Gradually, the malignant intelligence takes over Cory's personality, leaving him in an amnesiac fugue state when he awakes. The brain uses Cory to do his bidding, signing checks in Donovan's name, and continuing the magnate's illicit financial schemes. Cory becomes increasingly like the paranoid Donovan, his physique and manner morphing into the limping image of the departed criminal. Donovan's bidding culminates in an attempt to have Cory kill a young girl who stands in the way of his plans. Realizing he will soon have no control over his own body and mind, his assistant, Schratt, devises a plan to destroy the brain during its quiescent period. Schratt resists the brain's hypnotic power by repeating the rhyme, "Amidst the mists and coldest frosts he thrusts his fists against the posts and still insists he sees the ghosts." Schratt destroys the housing tank with an axe and leaves the brain of Donovan to die, thus ending his reign of madness. During the encounter, however, the brain, attempting to defend itself, orders Schratt's heart to stop beating. Schratt dies, but bearing a look of fulfillment.

== Publication history ==
The novel was initially published as a three-part serial in the September–November 1942 issues of the pulp magazine Black Mask. The first complete edition was published by Alfred A. Knopf in 1943, and it was provided to U.S. military personnel as an Armed Services Edition during World War II. The work has since been translated into French, German, Portuguese, Italian, Japanese, and Dutch.

== Adaptations ==
Radio adaptations starring, respectively, Orson Welles and John McIntire aired in 1944 and 1948 as part of the anthology series Suspense. In 1982, the LP album release of the 1944 version won the Grammy Award for Best Spoken Word Album.
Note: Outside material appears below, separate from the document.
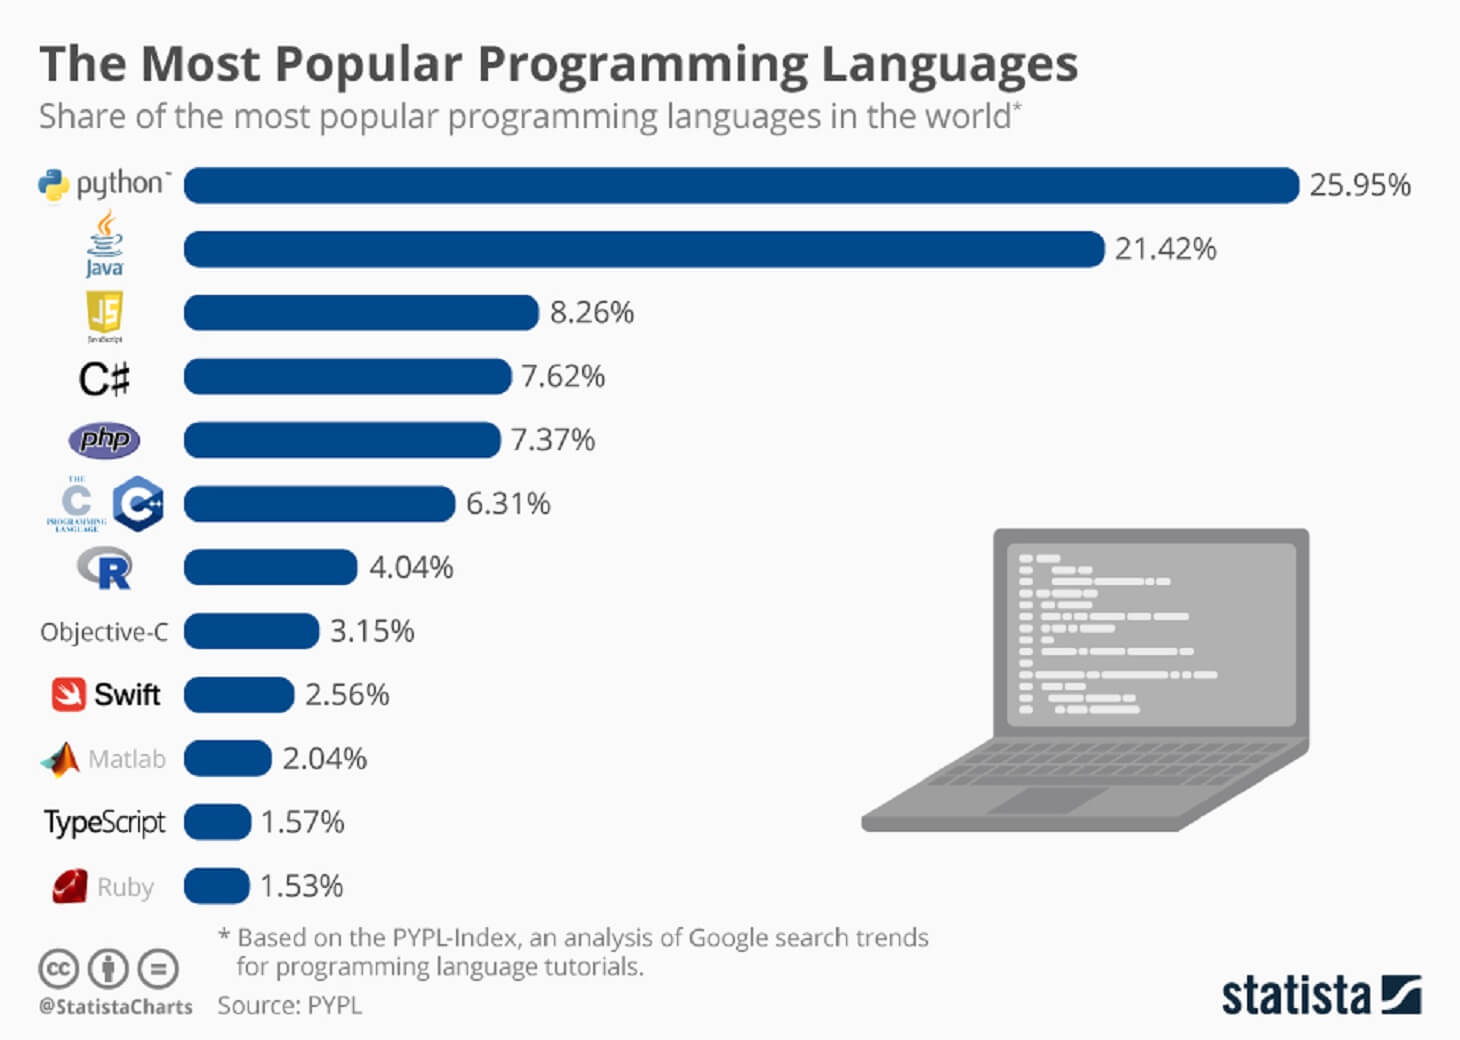 The most popular programming languages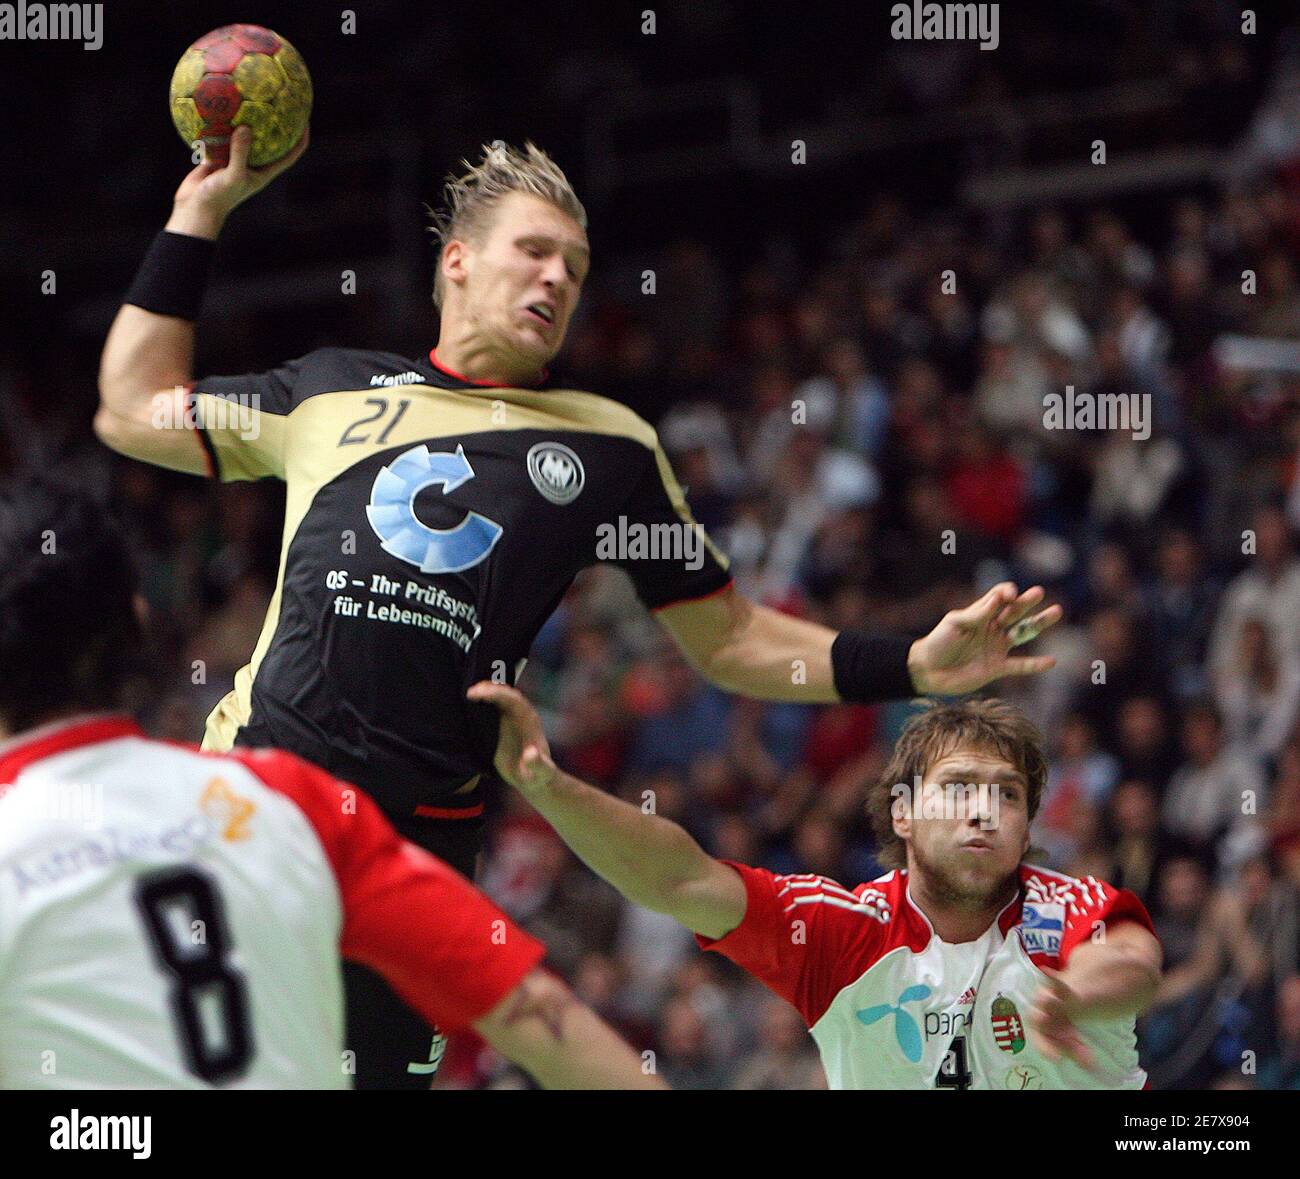 Gabor of Hungary challenges Lars Kaufmann of Germany during their friendly handball match in Budapest January 7, 2007. REUTERS/Laszlo Balogh (HUNGARY Stock Photo - Alamy

The novel has been adapted for the screen three times – in 1944 as The Lady and the Monster (later re-issued as Tiger Man), in 1953 under its original title, and in 1962 as Vengeance (later reissued as The Brain). There was also a television adaptation, which aired in 1955—also under the original title—as part of the anthology series Studio One; it starred Wendell Corey and E. G. Marshall.